Naturally there are a lot of scholarly books written by people who have done decades of research on Israel/Palestine but this is the one for me. I love that it's depicted as Harvey just taking a trip to different bookstores and libraries while walking us through the history of the conflict. A lot of people try to make it bigger or more complicated than it is but Harvey's right. We know right from wrong. And yes Jews have been oppressed but we should never oppress anyone else in order to feel more free. #FreePalestine
informative medium-paced

Should be read by all.

Good overview of Jewish history and the events leading up to the creation of the modern nation of Israel, as well as an examination of what has happened in Israel since then. I also appreciated Harvey weaving in his own experiences and growth away from the zionism he was raised in. I think both of these facets—international vs personal history—could have each been expanded into their own graphic novels, but it worked well enough here.

However. I was quite dismayed, and even disgusted, by the ultimate conclusion that “Israel and Palestine just need to stop fighting.” What a horrible oversimplification, and one that feels hollow and like the authors of this book didn’t even read the pages leading up to that final discussion.

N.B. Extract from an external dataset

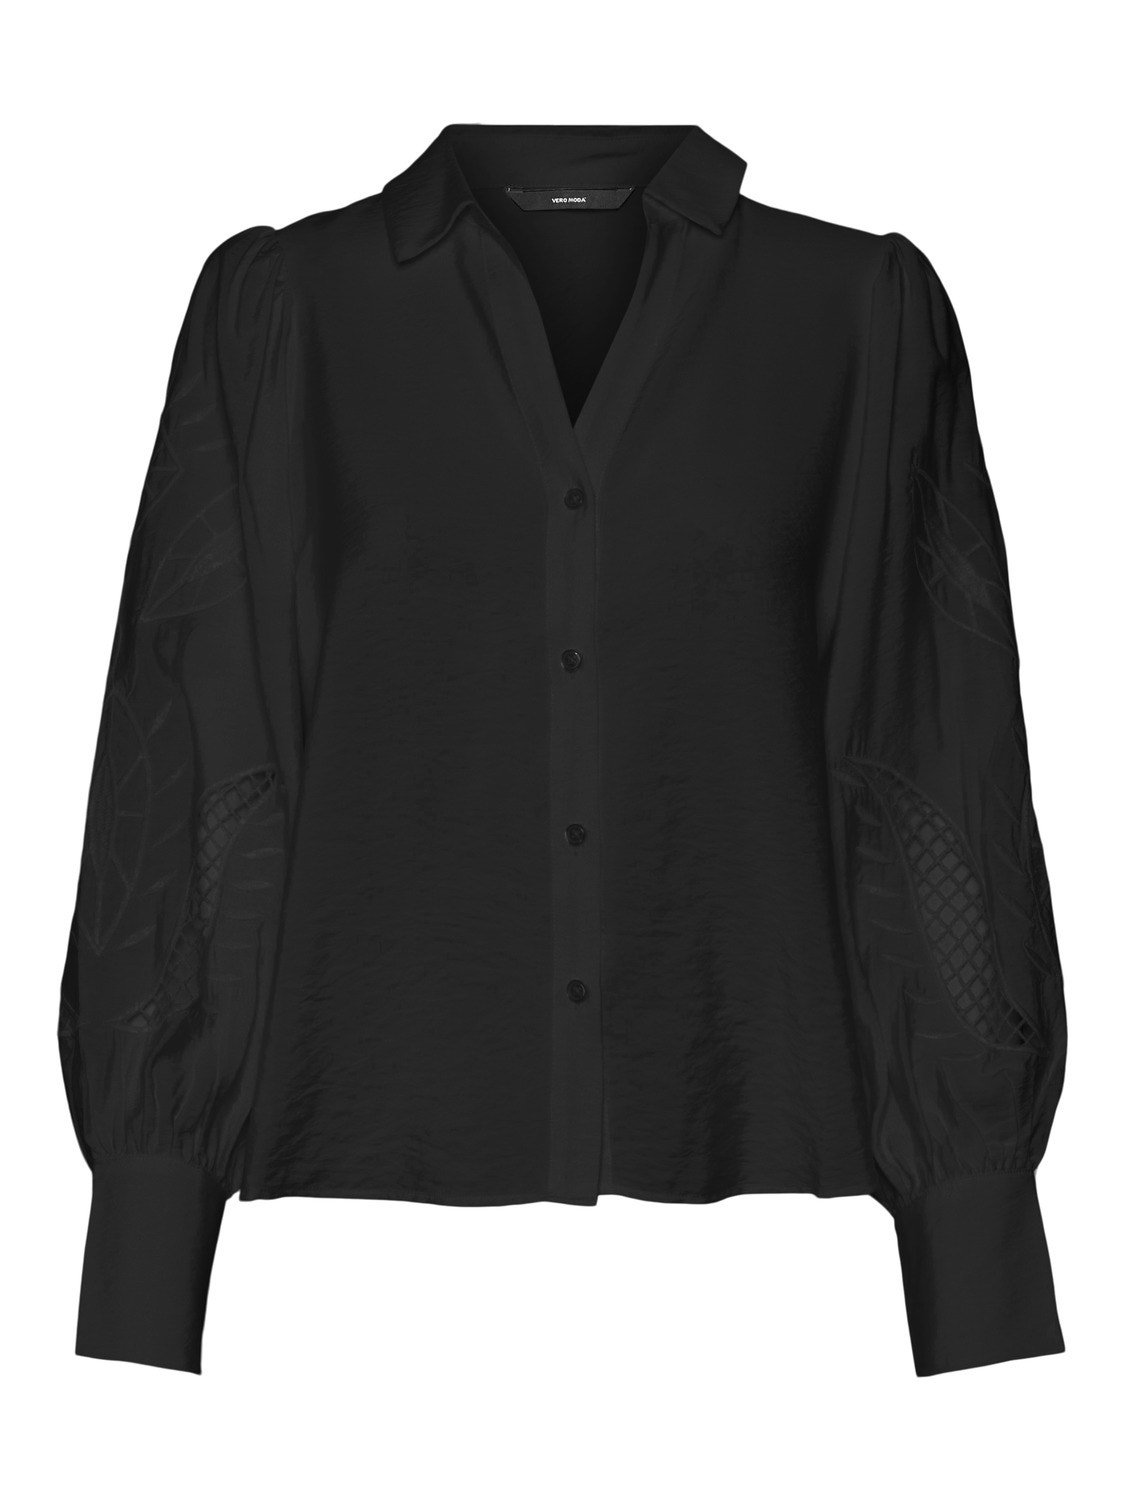 Vero Moda VMOSLA Shirt -Black - 10296529

I first heard Palestine called the world’s largest open-air prison in 2021. It may have been around the time that protests in Palestine erupted when Israel tried to forcibly evict Palestinians so they (Israel) could make way for Jewish settlers. Thousands of Palestinians were injured or arrested in Israel’s excessive and deadly response.

Palestinians have tried every method possible to get Israel off their backs and allow them to live in peace and independence. Some of these methods have been peaceful, and some have been violent. But Israel has *always* responded with excessive force and a level of violence that is sickening to think of. See also their current genocide of Palestinians in response to 695 Israeli citizens’ deaths (a death toll number that has fallen drastically from Israel’s original claim of what? 1,400?).

What is an oppressed people supposed to do when they are slowly being squashed out of existence? Lay down and let it happen? Stop resisting in hopes that their oppressor will suddenly see their humanity?

C’mon.

I was excited for this book and what it could've been. Unfortunately, it's another moderate take on Israel proposing a two state solution. I wish it had more memoir rather than oversimplified history and perpetuating ideas like Jews are the most victimized group in all of space and time. We've learned to have empathy for "the Arabs" (he won't call them Palestinians) but haven't unlearned any western or zionist propaganda.